Mom sat at the other end of the sectional, sipping her coffee and working on Arabella’s hair. Apparently the latest fashion among high schoolers involved elaborate braids, and Arabella had somehow cajoled Mom into helping her.
On the left side of the screen, a female news anchor with impossibly perfect hair profiled the recent arson at First National, while the right side of the screen showed a tornado of fire engulfing the building. The orange flames billowed out the windows.
“It’s awful,” Mom said.
“Did anybody die?” I asked.
“A security guard. His wife and their two children came by to drop off his dinner and were also burned, but they survived. Apparently Adam Pierce was involved.”

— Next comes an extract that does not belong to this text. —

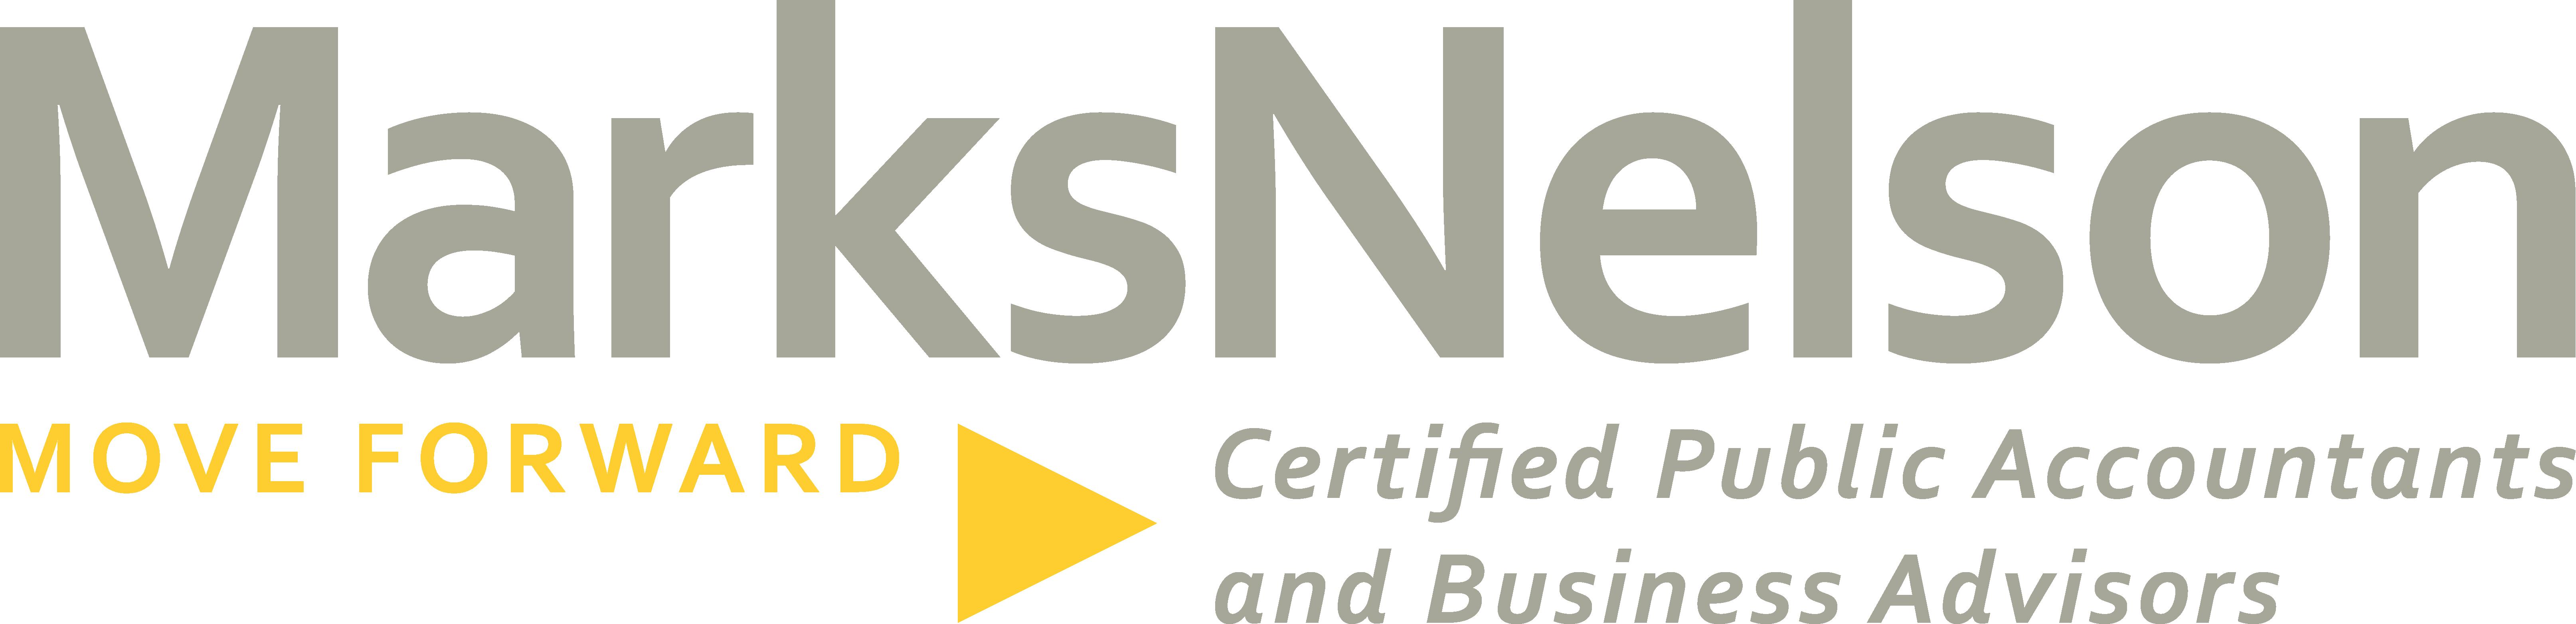 marks nelson logo

Everyone in Houston knew who Adam Pierce was. Magic users were segregated into five ranks: Minor, Average, Notable, Significant, and Prime. Born with a rare pyrokinetic talent, Pierce had Stainless Steel classification. A pyrokinetic was considered Average if he could melt a cubic foot of ice under a minute. In the same amount of time, Adam Pierce could conjure a fire that would melt a cubic foot of stainless steel. That made Pierce a Prime, the highest rank of magic user. Everybody wanted him—the military, Home Defense, and the private sector.